Like its namesake, the Boeing aircraft, Barry's 747th streaked through the night in defiance of gravity. It had been a long time coming. Barry hit his 746th on the 27th of May. The long homer drought would not normally be news for a power hitter. After all, these guys are human and they go through slumps--even the best of them. But Barry being Barry means every nose hair is scrutinized. The steroids "scandal" and the on-going federal investigation of Mr. Bonds' alleged perjury in front of a grand jury has dampened enthusiasm for his record chase, and made sure his name will live in baseball's Hall of Infamy (along with Mark McGwire). Funny how "Shoeless" Joe Jackson's image was rehabilitated by a couple of films--the quirky and interesting Eight Men Out and the smarmy and maudlin Field of Dreams (based on the terrific novel Shoeless Joe by the Canadian writer W.P. Kinsella). I wonder if Messrs. McGwire and Bonds will find a similar cinematic redemption. The king of the baseball bloggers, John J. Perricone of Only Baseball Matters (indeed), has written incisively about Barry, MLB, the Feds, and the steroid silliness, and it would take a week of posts to give a precis that does Mr. Perricone justice. Check him out for yourself!. If it weren't for the bloggers, there would be no decent baseball journalism to read. The clowns in the national media have NO FUCKING CLUE (excuse me) and it pains me that they get paid to re-hash the drivel someone else has already regurgitated. Love or hate No. 25, he's the best hitter you will ever see. And that's what we pay our hard-earned dollars for. Number 13 last night brought The Dark Prince one step closer to the King's Throne.
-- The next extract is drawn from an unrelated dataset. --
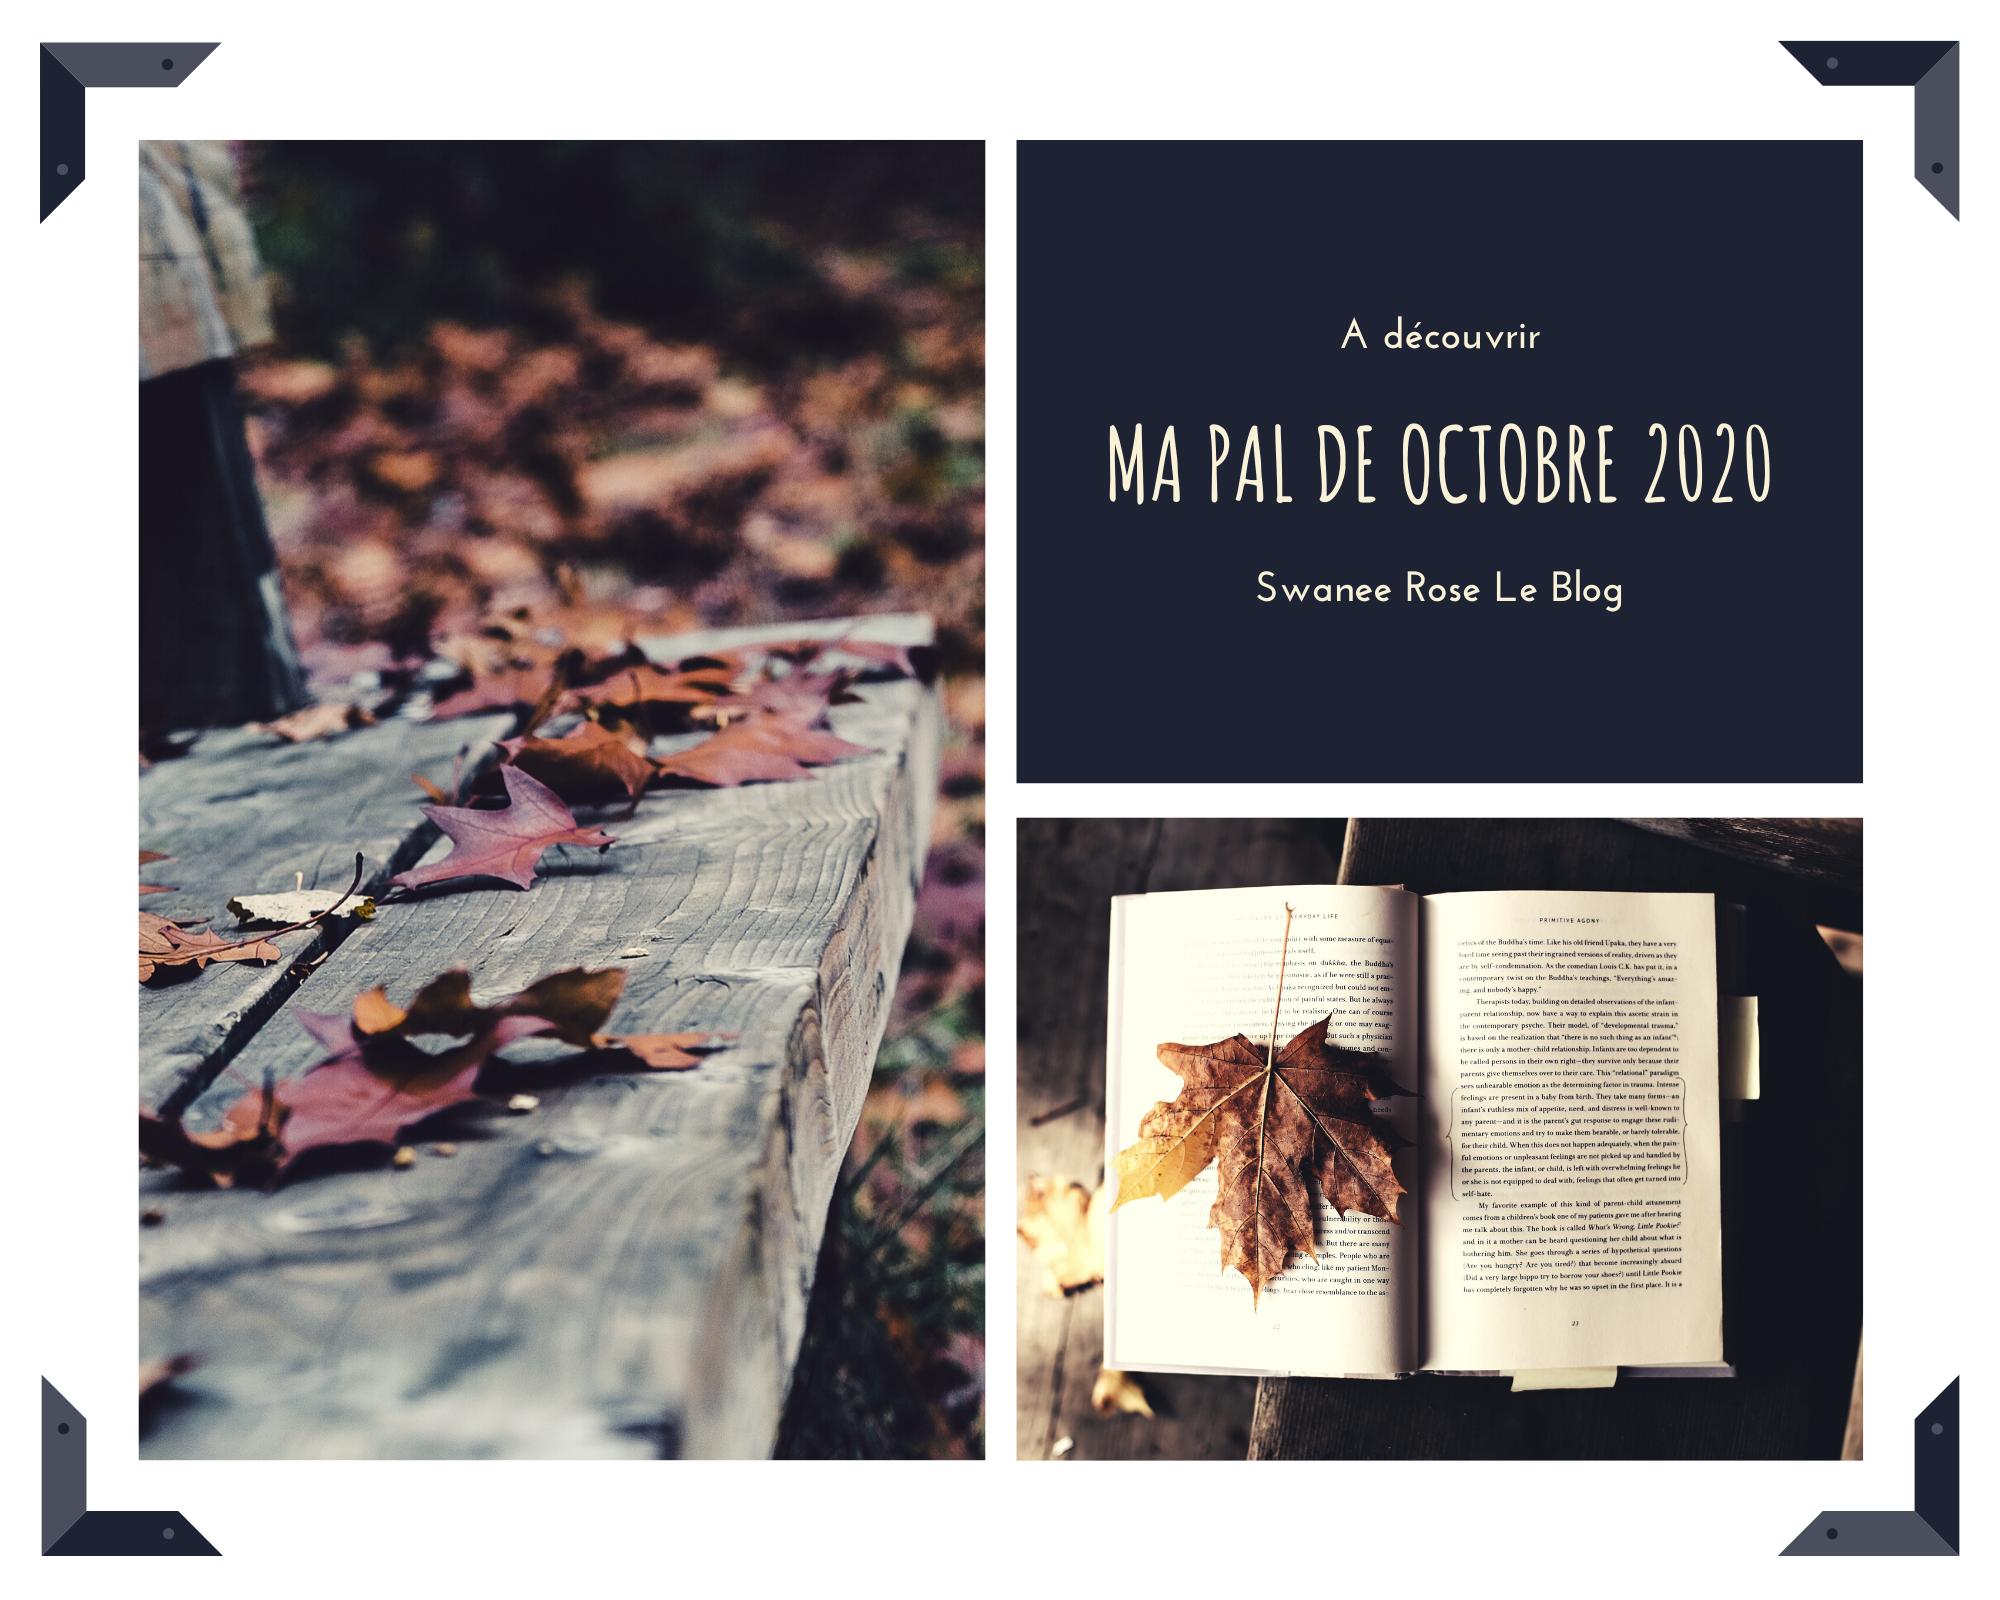 Ma PAL d'octobre 2020 sur Swanee Rose Le Blog

Hank Aaron--you will always be a champ. Like Frank Robinson, you played in the big shadows of Willie Mays and Mickey Mantle, and never got the kudos that was due you. One thing Barry Lamar's chase will do is remind every fan what an outstanding ballplayer Mr. Aaron was. And that's worth something.
The Giants Infield - FanGraphs has a season-preview feature called "Postional Power Rankings" where they look at all 30 teams and rate them by position. The infield portion is ...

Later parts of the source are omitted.